If it sees ForwardDiff.Dual, it just invokes the frule. This works and I don’t see any obvious problems with inference, but suggestions to improve how I hook into ForwardDiff are welcome (the rest is really just an MWE).

using ForwardDiff, ChainRulesCore, FiniteDifferences
using ForwardDiff: value, partials, Dual

# A primitive bisection method, just to make the MWE self-contained.
function bisection(f, a::T, b::T;
                   xtol = abs(b - a) * √eps(max(a, b))) where {T <: AbstractFloat}
    fa = f(a)
    fb = f(b)
    fa * fb < 0 || error("not bracketed")
    for _ in 1:100
        m = (a + b) / 2
        fm = f(m)
        abs(a - b) ≤ xtol && return m, fm
        if fm * fa > 0
            a, fa = m, fm
        else
            b, fb = m, fm
        end
    end
    error("too many iterations")
end

bisection(f, a, b; kwargs...) = bisection(f, promote(float(a), float(b))...; kwargs...)

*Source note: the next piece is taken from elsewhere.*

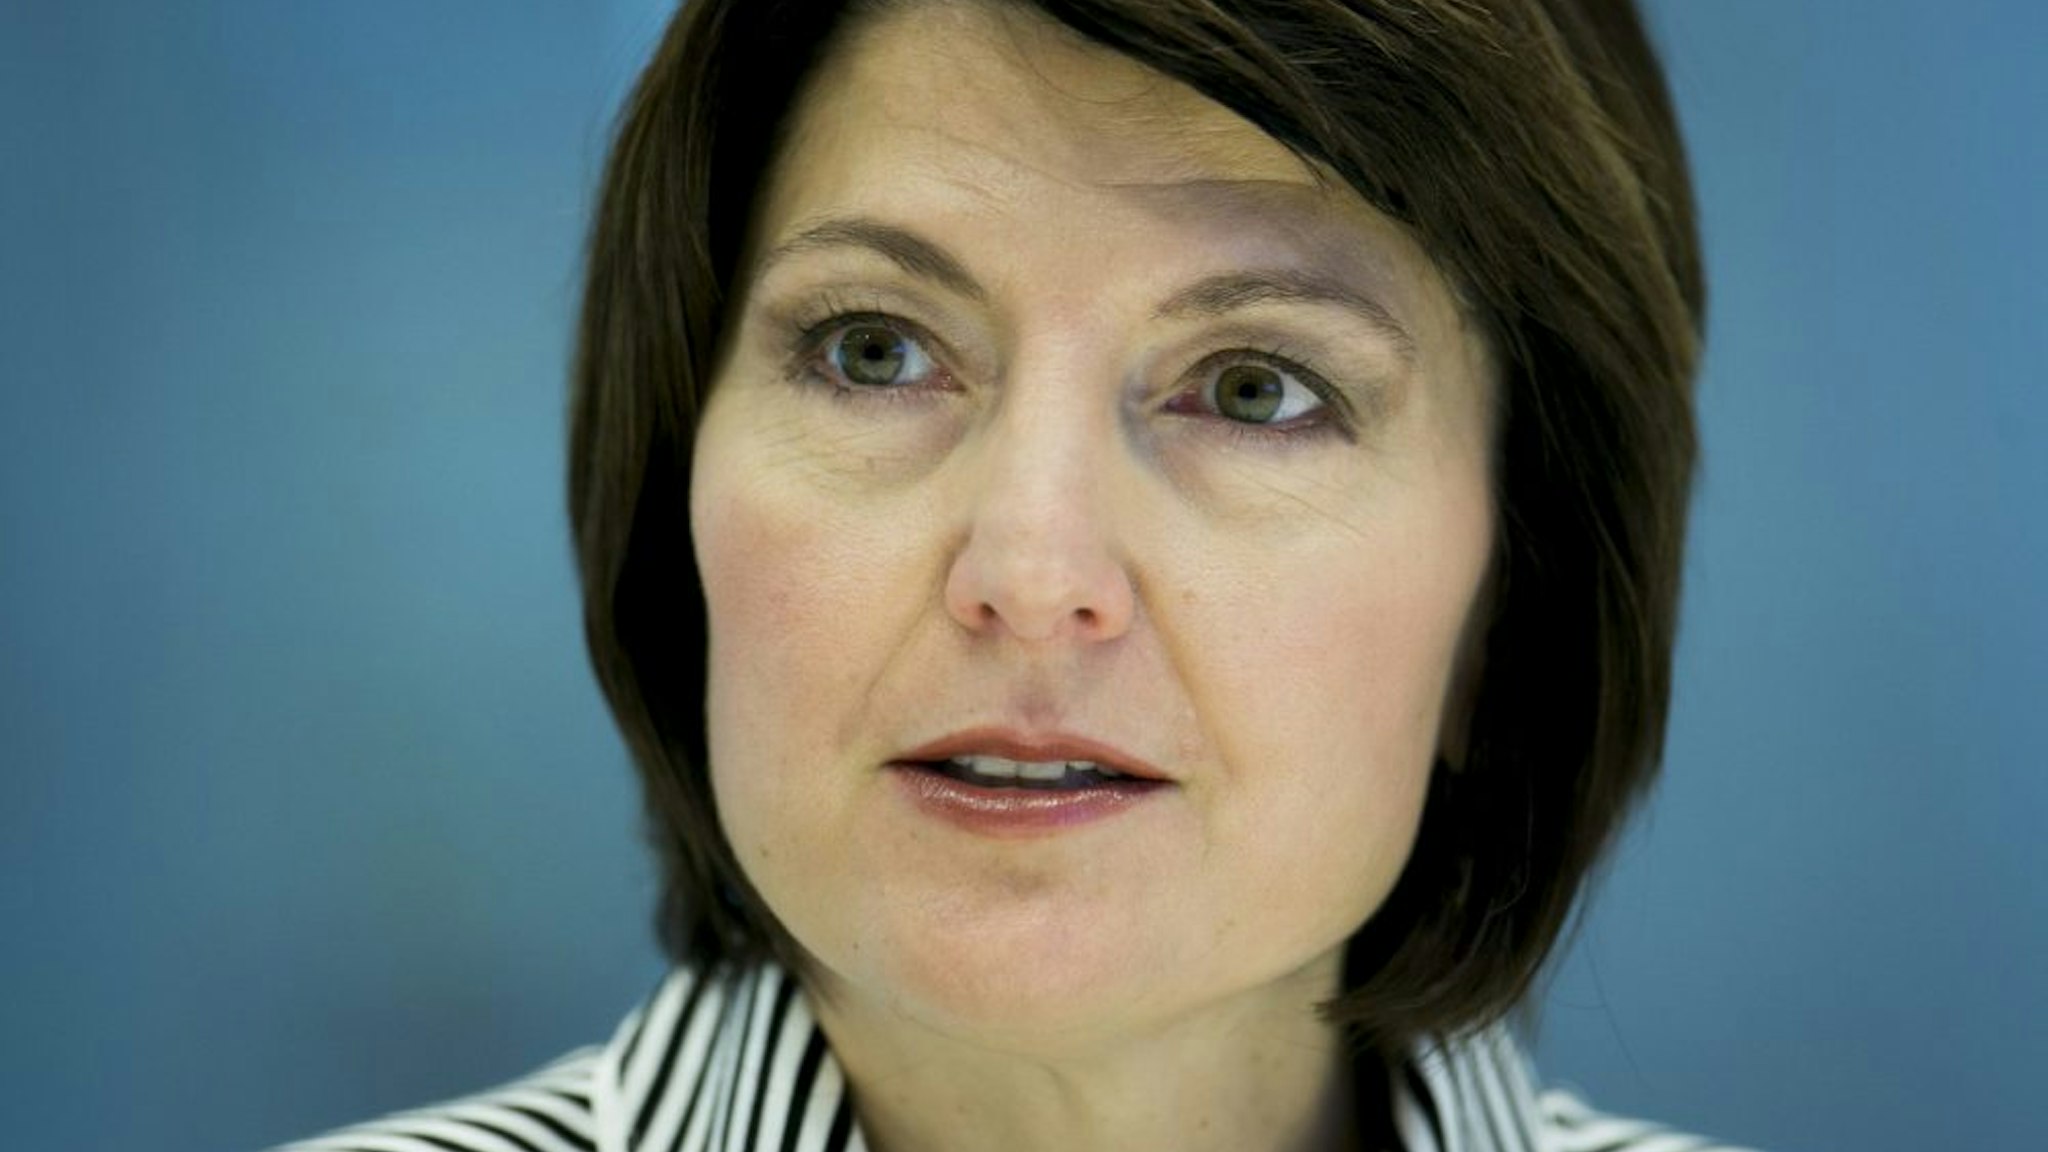 Representative Cathy McMorris Rodgers, a Republican from Washington, speaks during an interview in New York, U.S., on Friday, March 28, 2014. President Obama "doesn't have the flexibility" in health-care law to change deadlines, McMorris Rodgers said.

# analytically derived partial derivatives
∂x∂θ(ϵ1, ϵ2, θ, x) = 1 / (ϵ1 * x^(ϵ1 - 1) + ϵ2 * x^(ϵ2 - 1))
∂x∂ϵ1(ϵ1, ϵ2, θ, x) = -log(x)*x^ϵ1 * ∂x∂θ(ϵ1, ϵ2, θ, x)
∂x∂ϵ2(ϵ1, ϵ2, θ, x) = ∂x∂ϵ1(ϵ2, ϵ1, θ, x)

# solve using bisection
function _solve(ϵ1, ϵ2, θ)
    (ϵ1 + ϵ2 + θ) isa ForwardDiff.Dual && error("sanity check: wrong code path")
    (θ > 0 && ϵ1 > 0 && ϵ2 > 0) || throw(DomainError((; θ, ϵ1, ϵ2)))
    b = max(θ^(1/ϵ1), θ^(1/ϵ2))
    x, _ = bisection(x -> x^ϵ1 + x^ϵ2 - θ, 0, b)
    x
end

function ChainRulesCore.frule((Δself, Δϵ1, Δϵ2, Δθ),
                              ::typeof(_solve), ϵ1, ϵ2, θ)
    x = solve(ϵ1, ϵ2, θ)
    Δx = (∂x∂θ(ϵ1, ϵ2, θ, x) * Δθ +   # this works with ForwardDiff.Partials …
          ∂x∂ϵ1(ϵ1, ϵ2, θ, x) * Δϵ1 + # … because they have + and * defined.
          ∂x∂ϵ2(ϵ1, ϵ2, θ, x) * Δϵ2)
    return x, Δx
end

# adapted from
# https://juliadiff.org/ChainRulesCore.jl/dev/autodiff/operator_overloading.html
function _solve_dual(::Type{T}, dual_args...) where {T<:Dual}
    ȧrgs = (NO_FIELDS,  partials.(dual_args)...)
    args = (_solve, value.(dual_args)...)
    y, ẏ = frule(ȧrgs, args...)
    T(y, ẏ)
end

function solve(ϵ1::T1, ϵ2::T2, θ::T3) where {T1,T2,T3}
    T = promote_type(T1, T2, T3)
    if T <: Dual
        _solve_dual(T, ϵ1, ϵ2, θ)
    else
        _solve(ϵ1, ϵ2, θ)
    end
end

# rudimentary checks
f(x) = solve(0.3 + x, 0.2 + x, 1.2 + x)
d1 = central_fdm(5, 1)(f, 0.0)
d2 = ForwardDiff.derivative(f, 0.0)
@show isapprox(d1, d2; atol = 1e-4)
10 Likes

Nice!.
Do you think we could make a macro to do that.
Like a @import_frule foo or something?

1 Like

I haven’t found a clean way to add an AD-method for ForwardDiff.Duals, because in order to dispatch on the AD method I need a trait like the promoted type above.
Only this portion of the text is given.